Lo primero y más útil que uno aprende en la escuela son los días de la semana. Y ya dueño de los días de la semana, yo sabía que «él» venía el martes. Después descubrí también que un martes iba hacia las calles del otro lado de la Estación y otro hacia nuestro lado.

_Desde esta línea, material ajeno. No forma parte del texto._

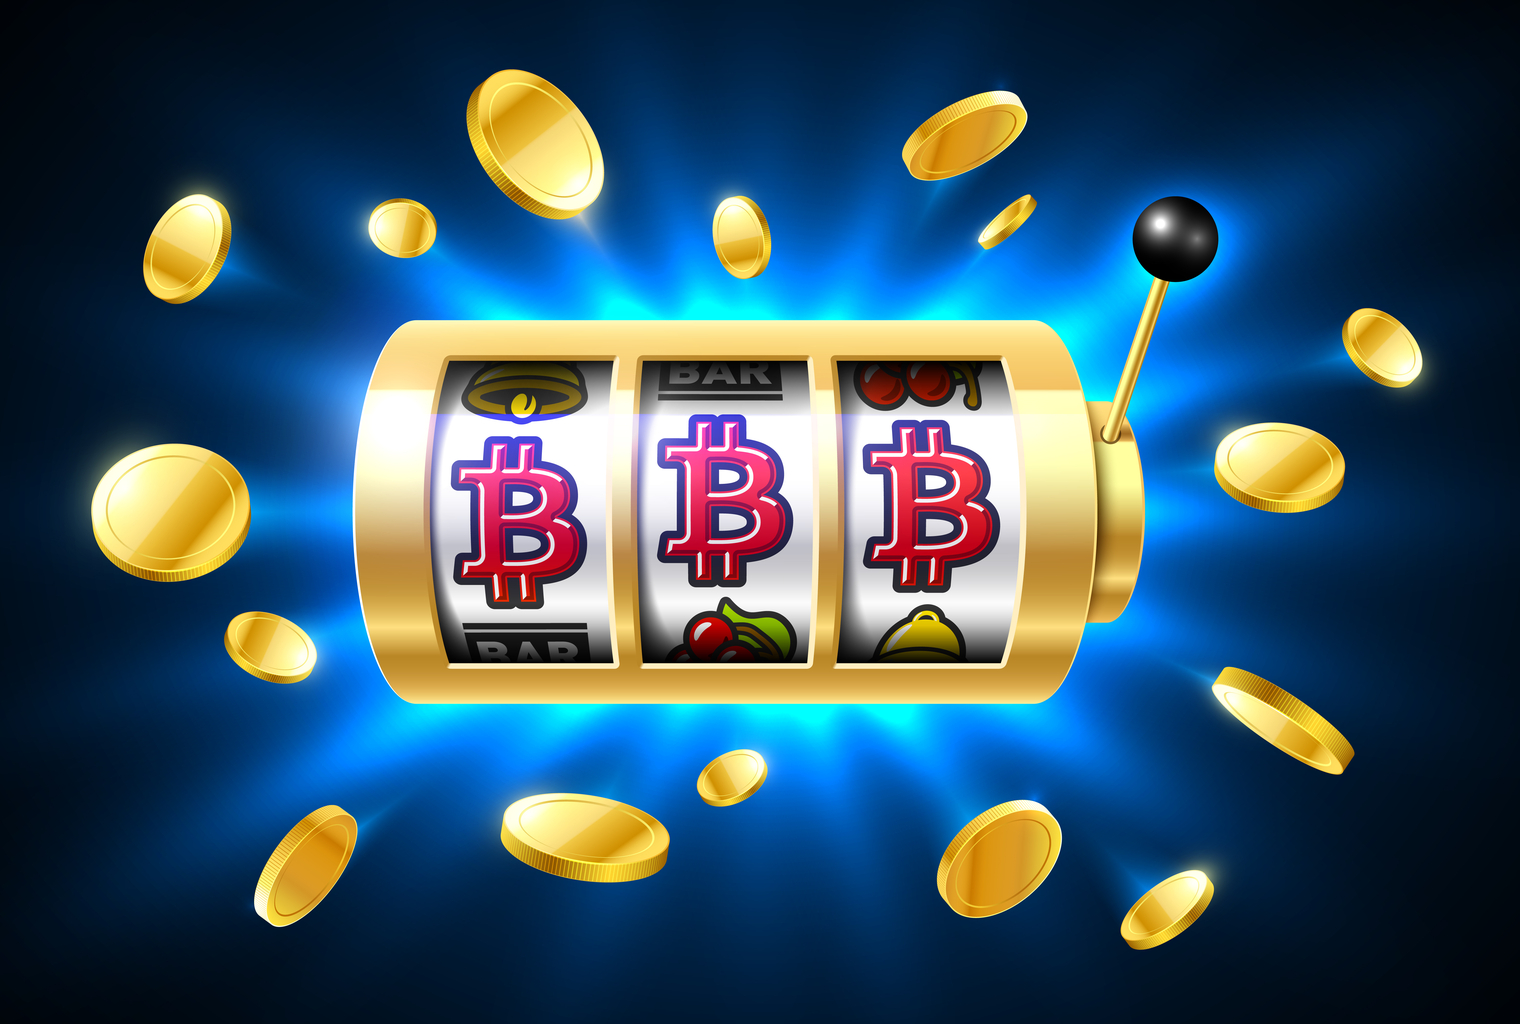 Play bitcoin slots for real money with no deposit
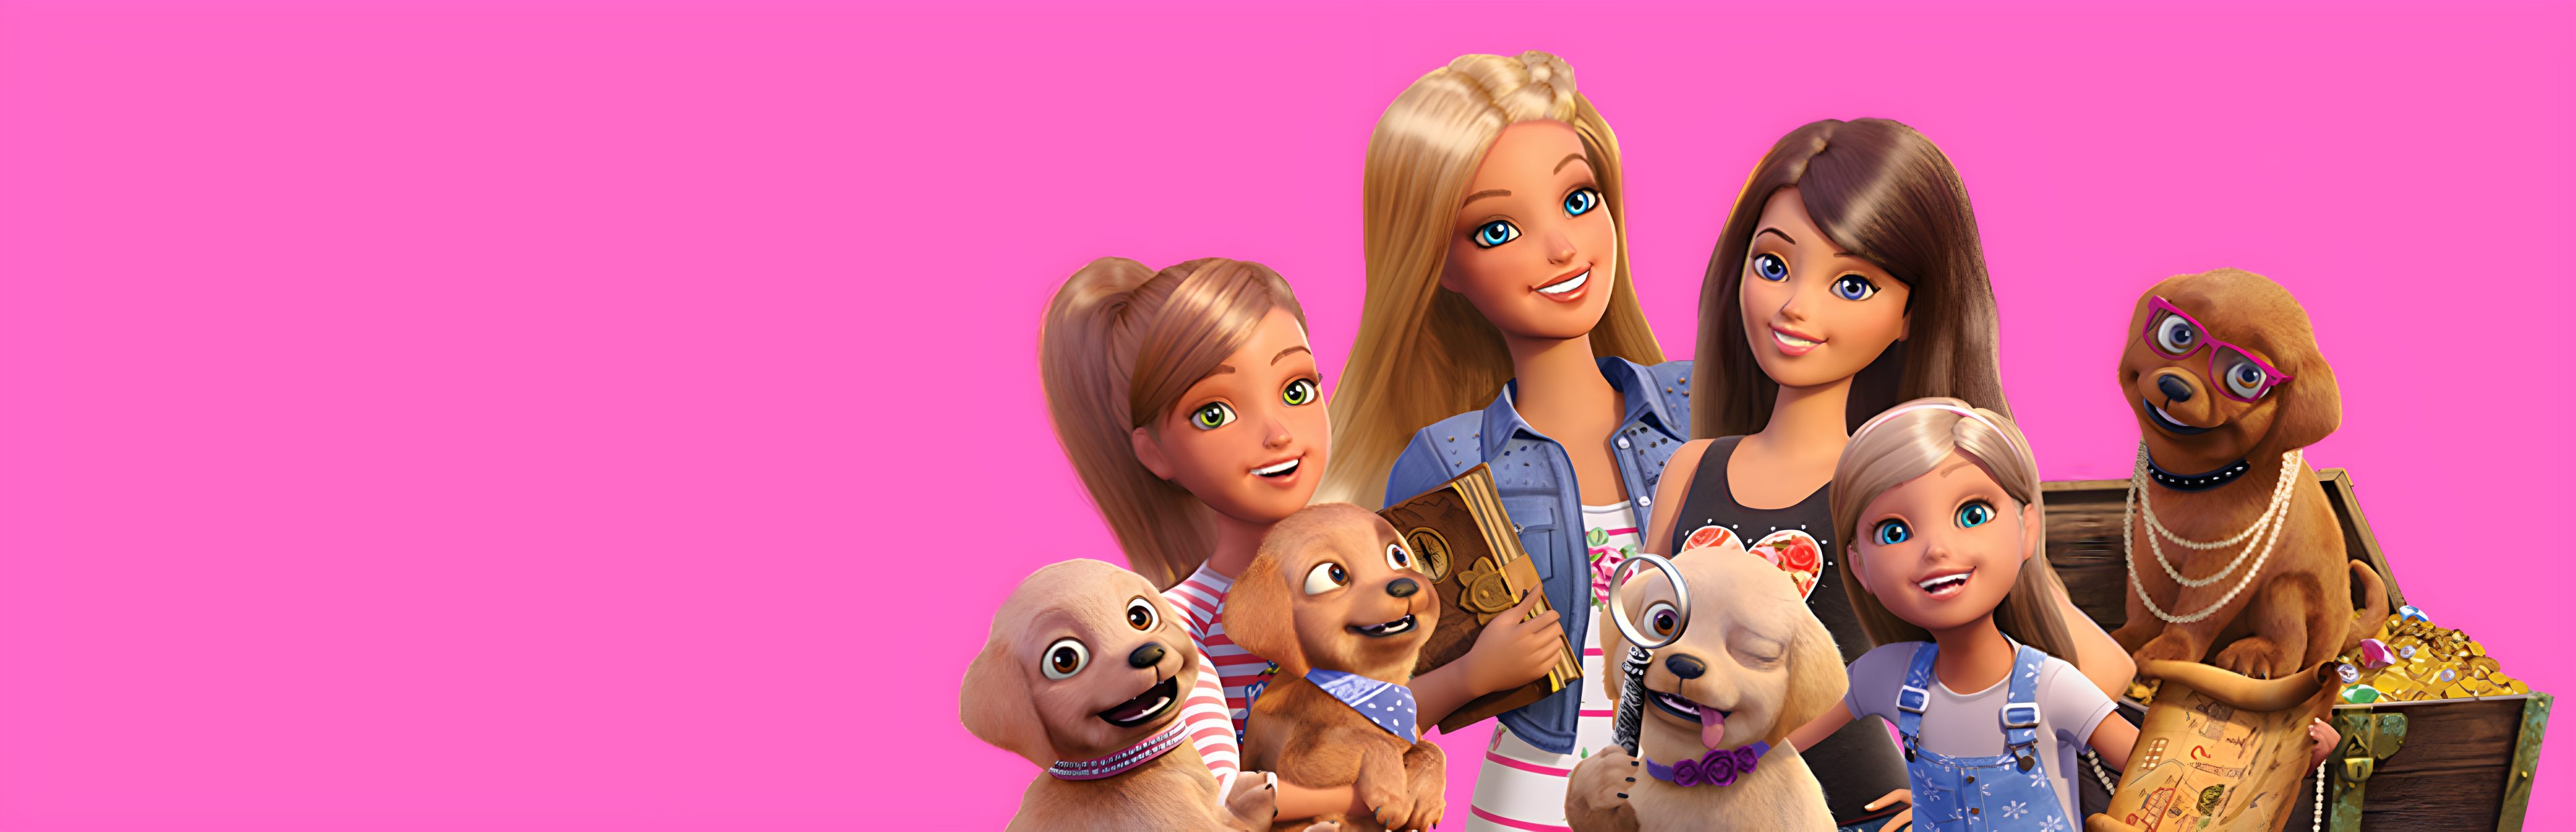 Barbie & Her Sisters: Puppy Rescue

Por ello ese martes me hice la «rabona». No quería que ni siquiera Totoca lo supiera; si no tendría que pagarle algunas bolitas para que no contase nada en casa. Como era temprano y él debía aparecer cuando el reloj de la iglesia diera las nueve, fui a dar unas vueltas por las calles. Las que no eran peligrosas, claro. Primero me detuve en la iglesia y eché una mirada a los santos. Me daba cierto miedo ver las imágenes quietas, llenas de velas. Las velas, pestañeando, hacían que también el santo pestañeara. Todavía no estaba muy seguro de que fuese bueno ser santo y estar todo el tiempo quieto, quieto. Di una vuelta por la sacristía, donde don Zacarías se hallaba sacando las velas viejas de los candelabros y colocando otras nuevas. Estaba haciendo un montoncito de cabos encima de la mesa.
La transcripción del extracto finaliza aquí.